╔══
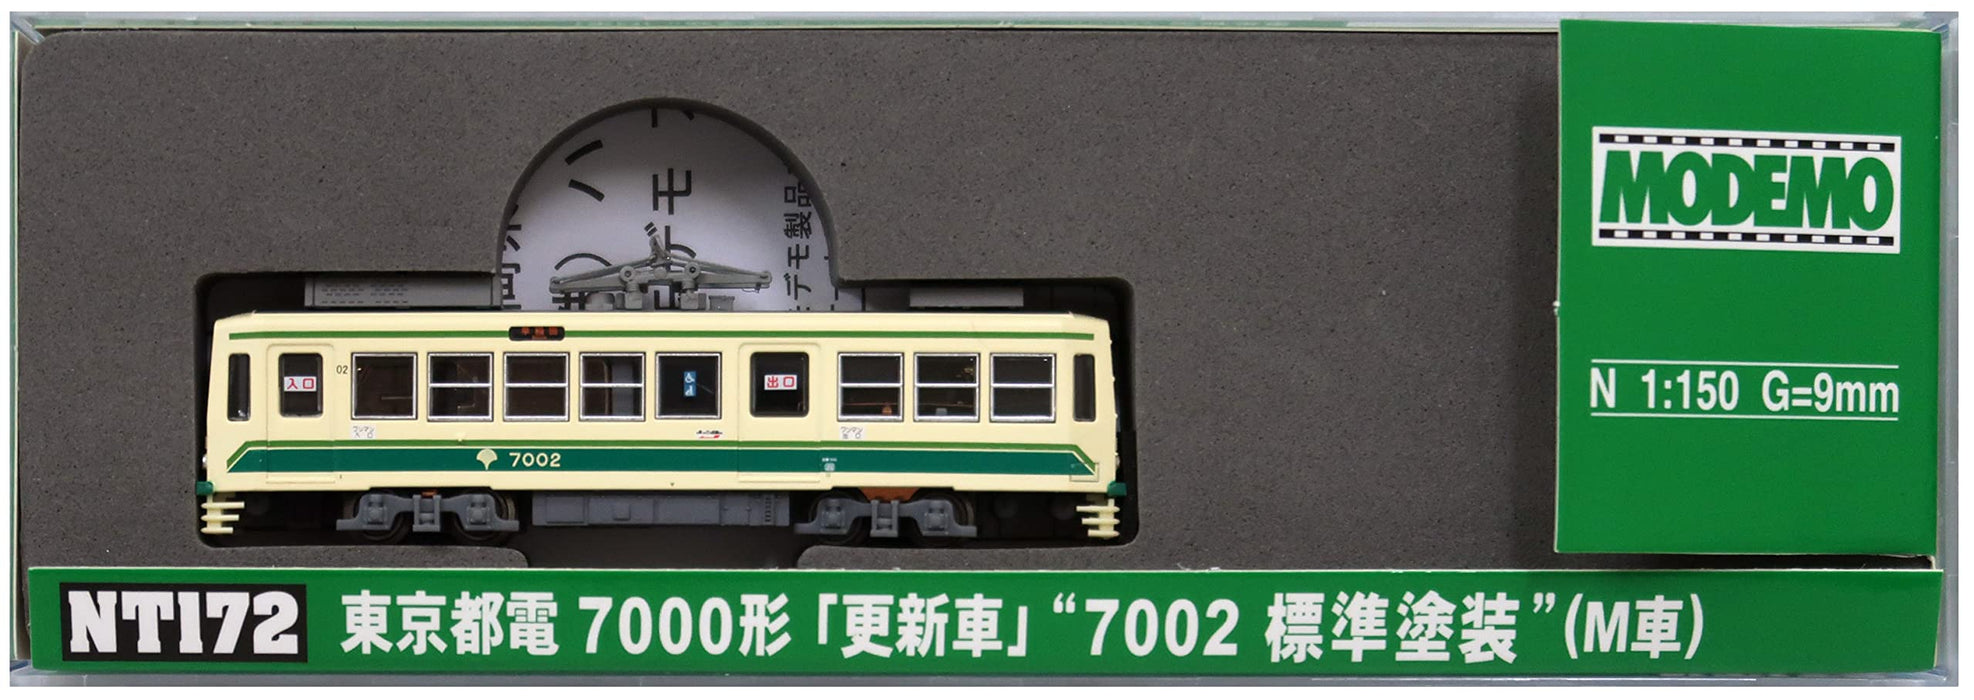 MODEMO Nt172 Tokyo Metropolitan Tram Type 7000 Updated '7002 Standard Painting' N Scale
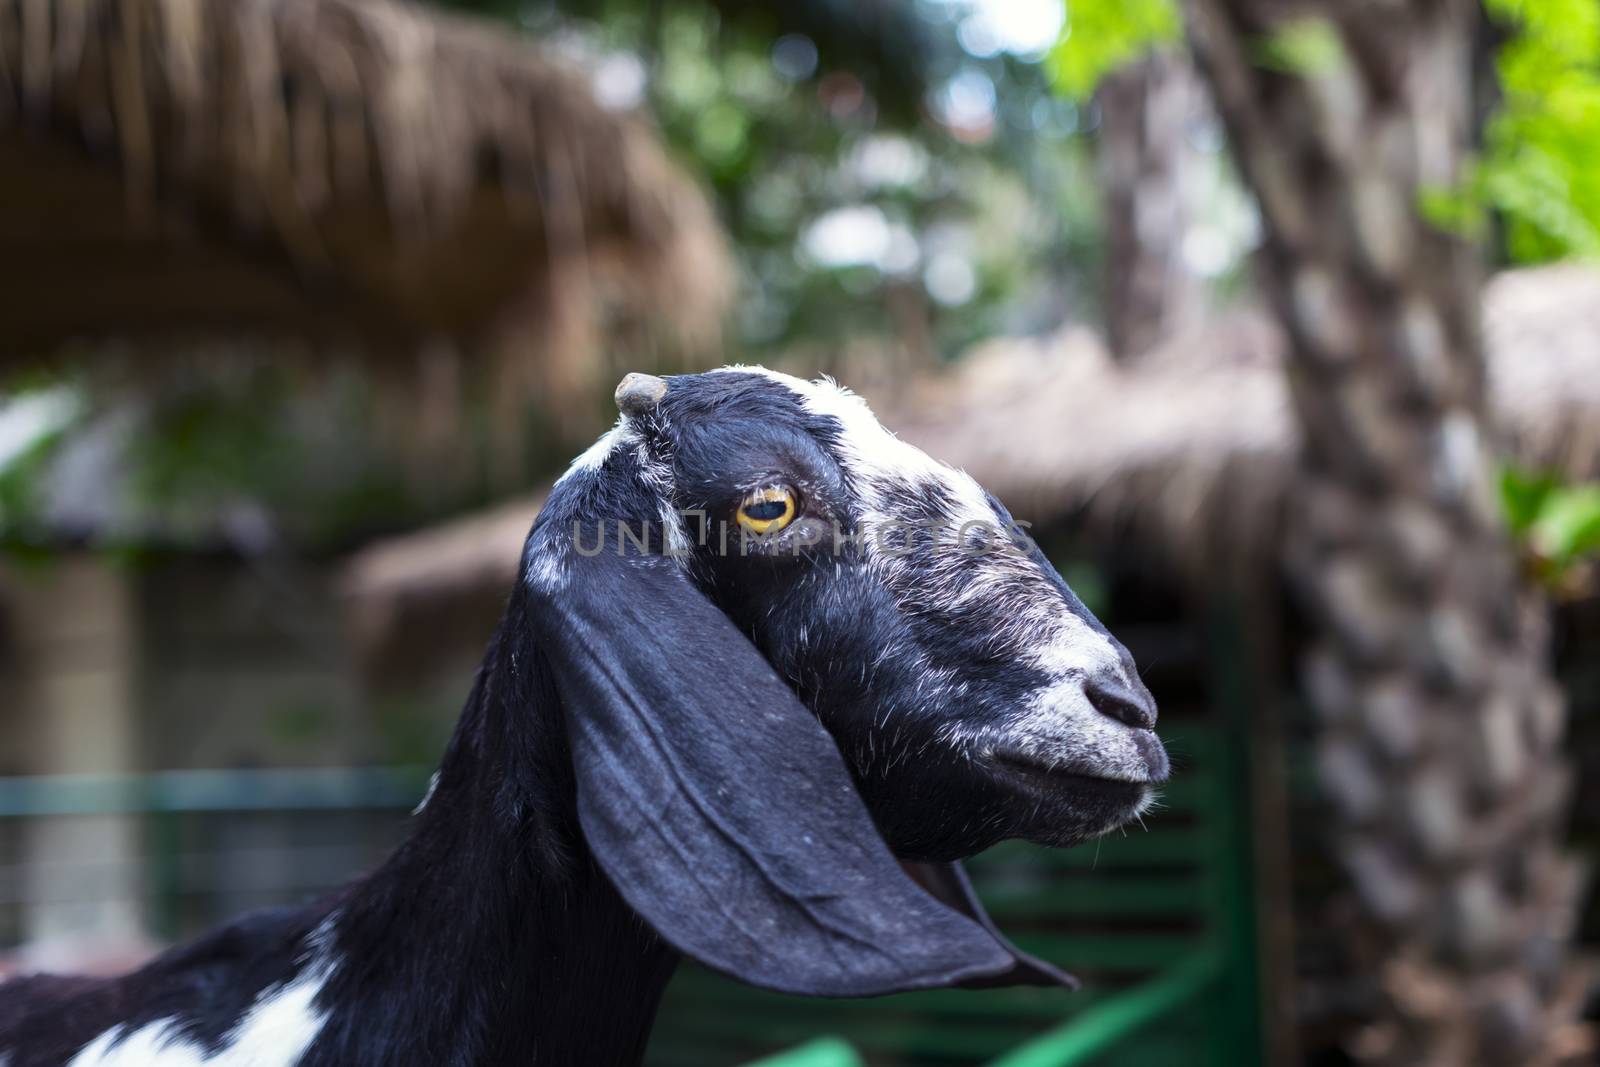 Muzzle Goat, Thailand.  2015 - Year of Goat.
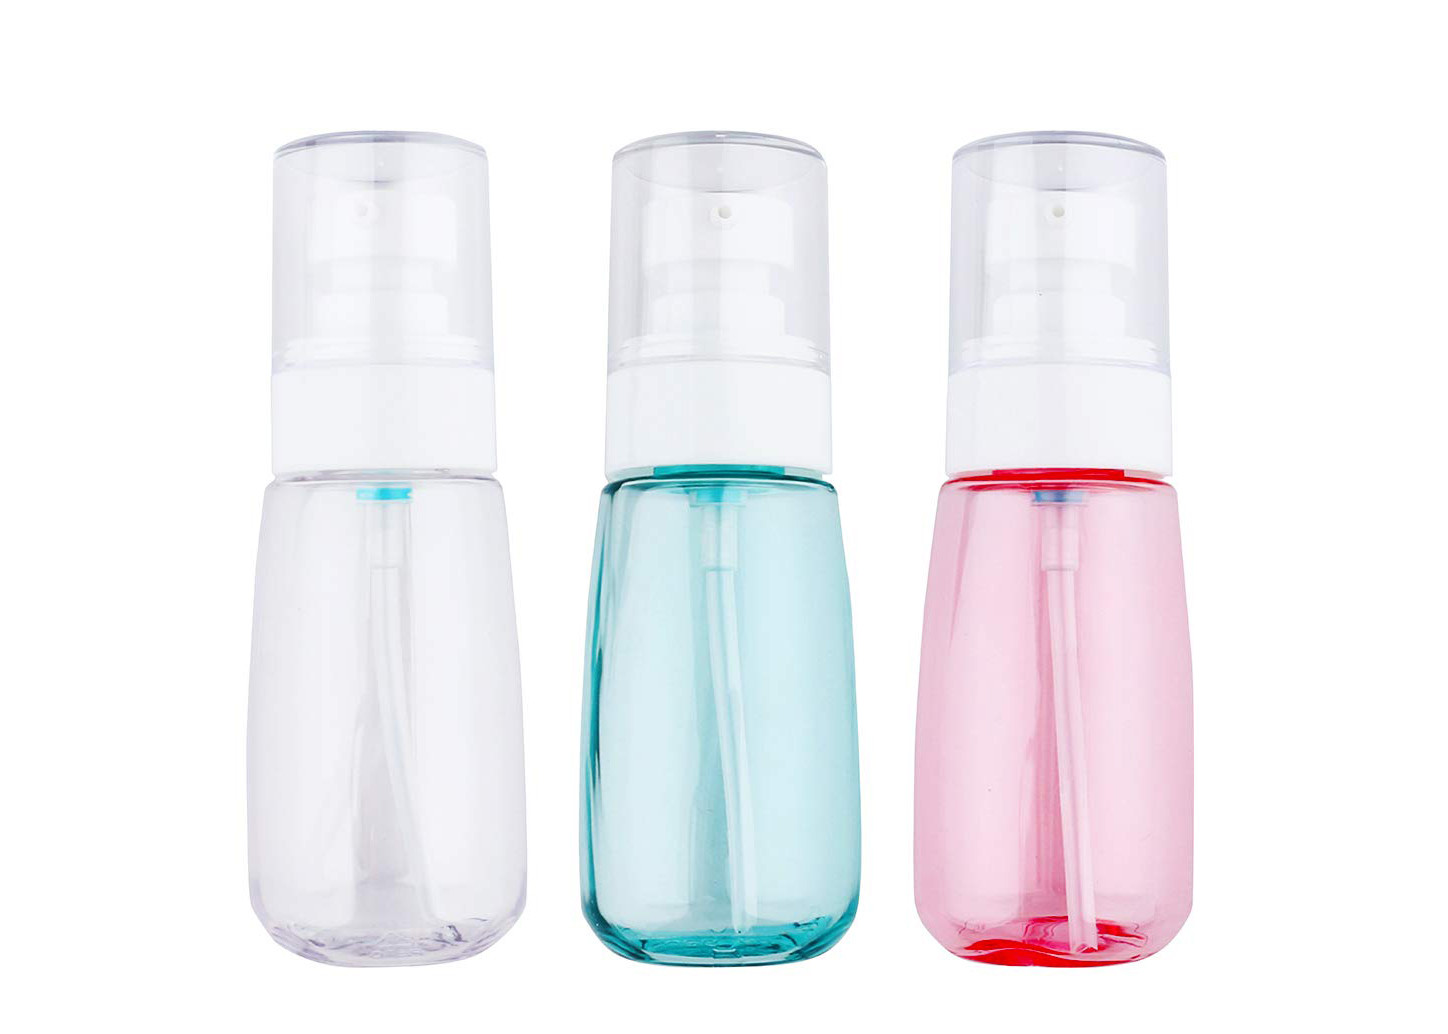 Les bouteilles en plastique cosmétiques roses bleues ont adapté la capacité et les couleurs aux besoins du client
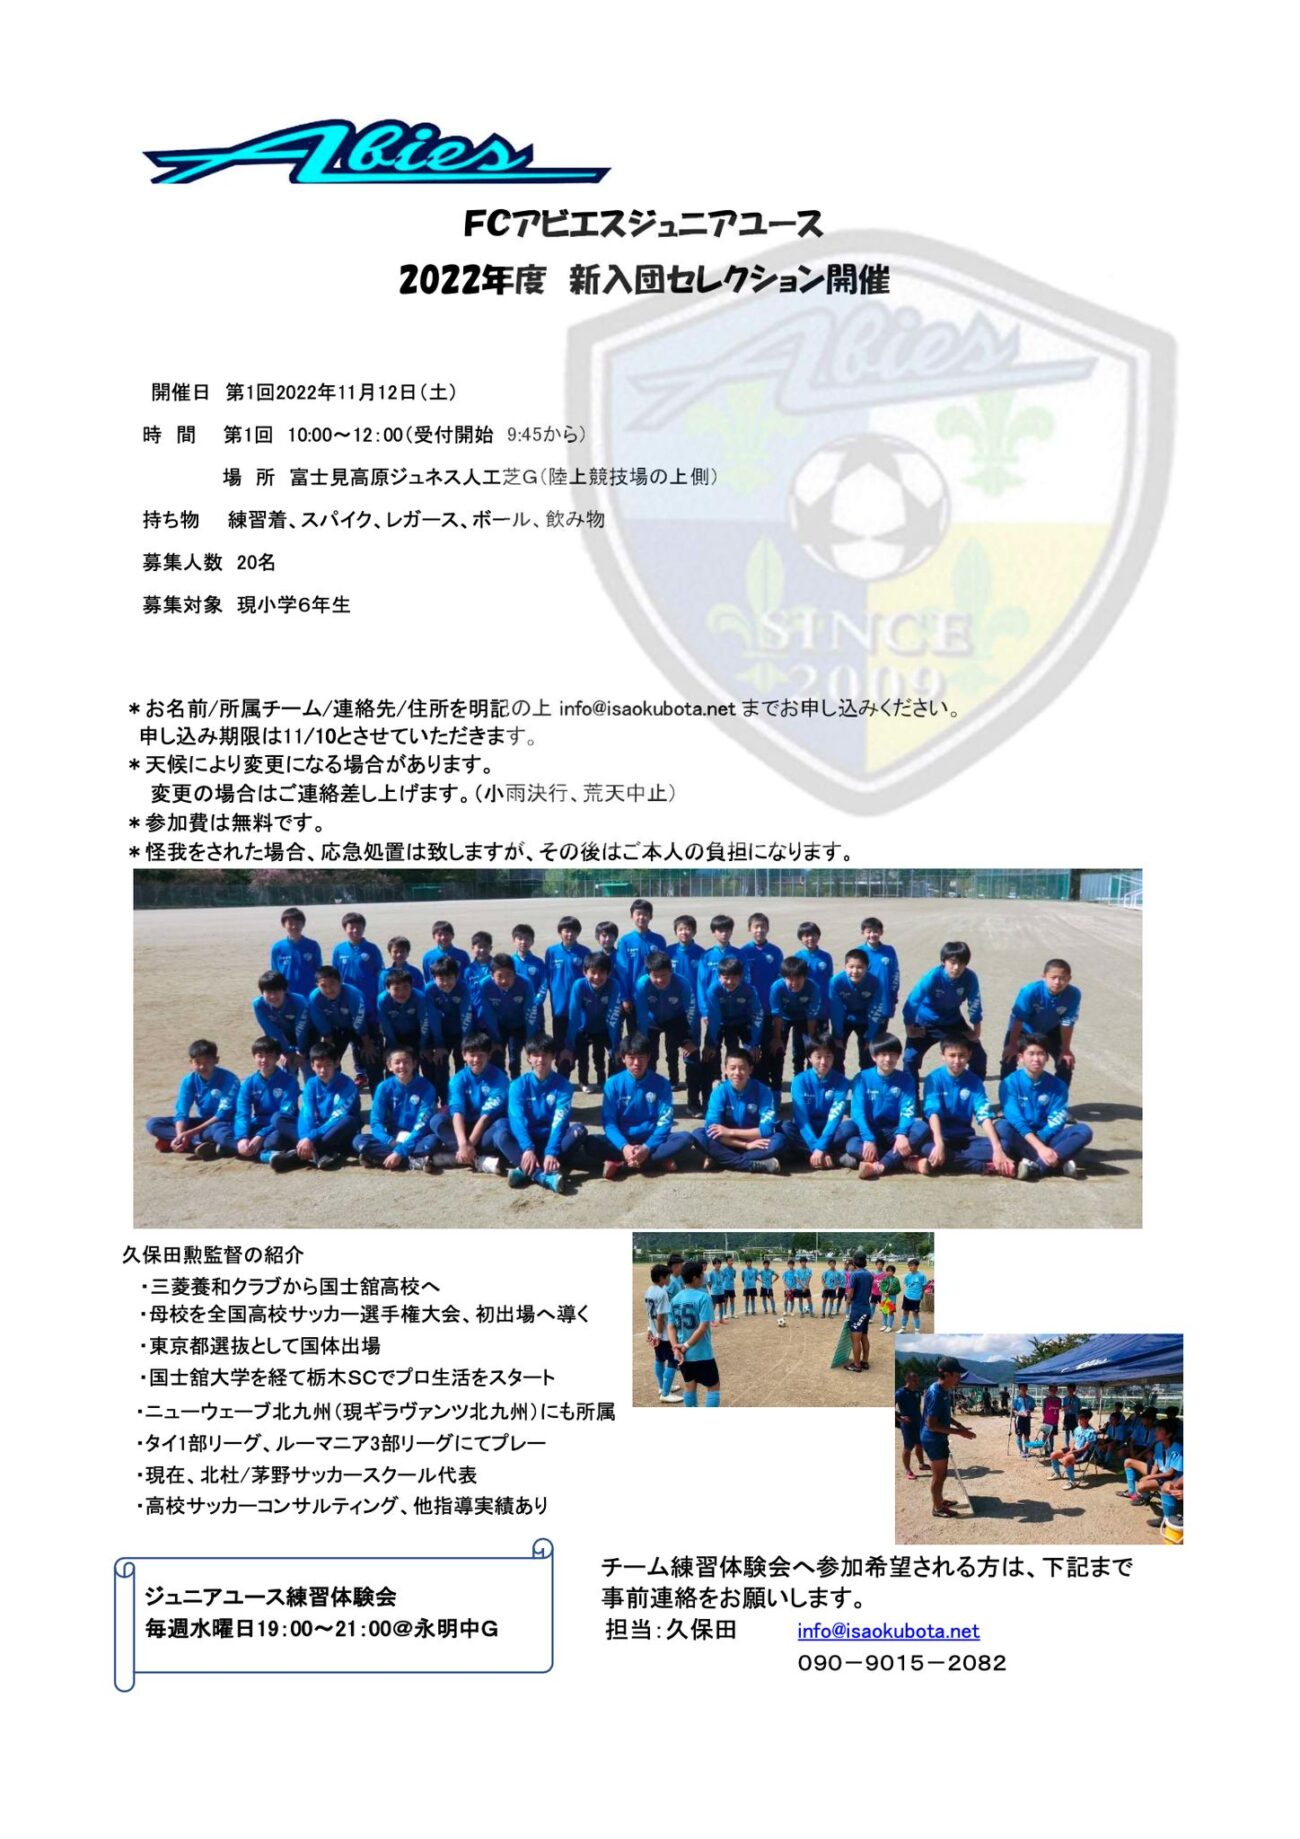 中学生サッカー-FCアビエスジュニアユース-アビエスジュニアユースセレクションのお知らせ
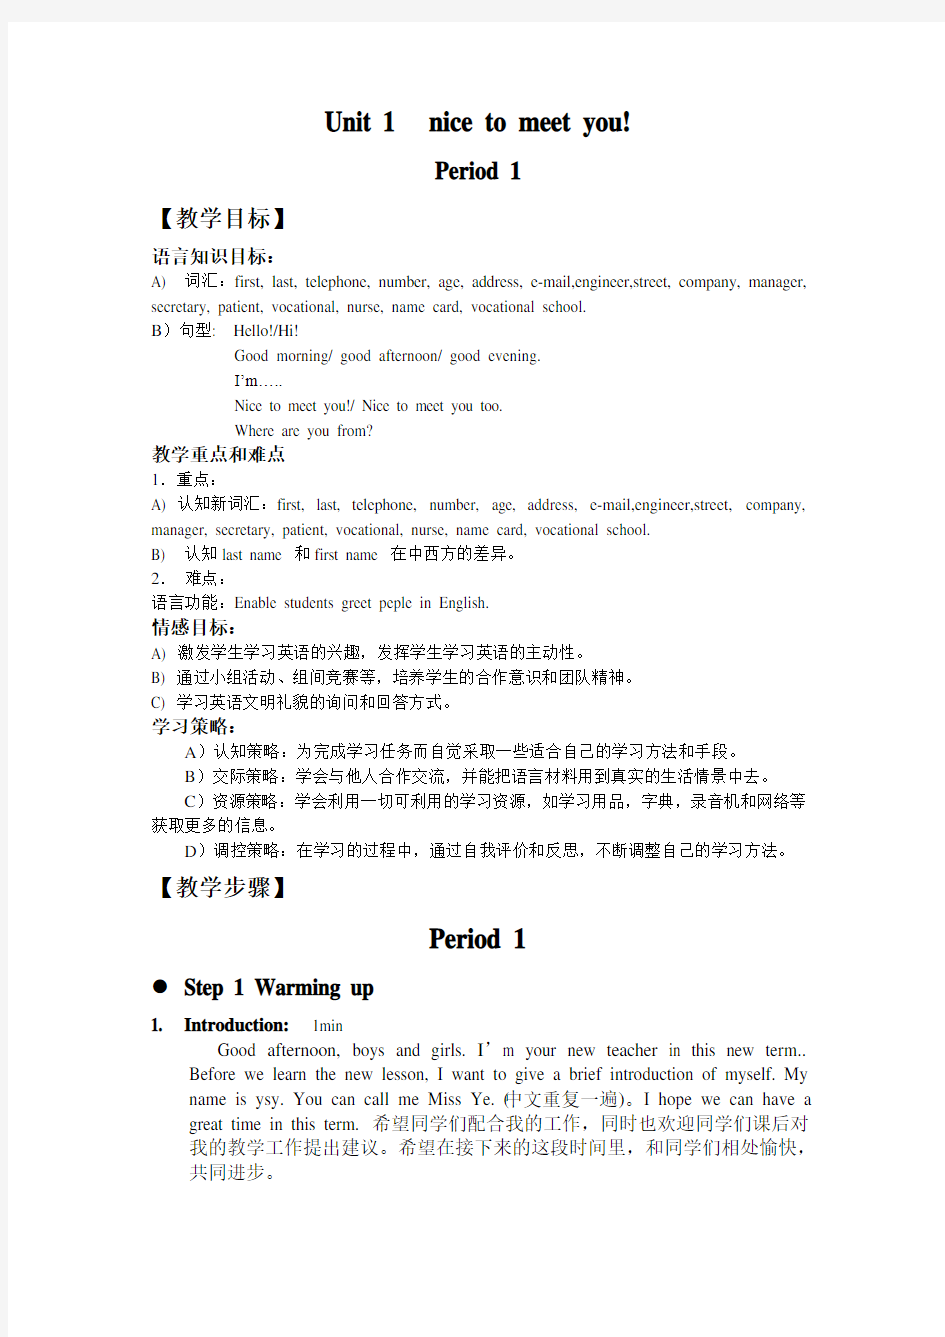 (完整版)英语基础模块上册unit1教案
╚══
_Exercise directions:_ Return verbatim every line from the one holding "Muzzle Goat, Thailand." to the end of the records above. Do not copy the pictures.

_Result:_
 Muzzle Goat, Thailand.  2015 - Year of Goat.
 Les bouteilles en plastique cosmétiques roses bleues ont adapté la capacité et les couleurs aux besoins du client
 中学生サッカー-FCアビエスジュニアユース-アビエスジュニアユースセレクションのお知らせ
 (完整版)英语基础模块上册unit1教案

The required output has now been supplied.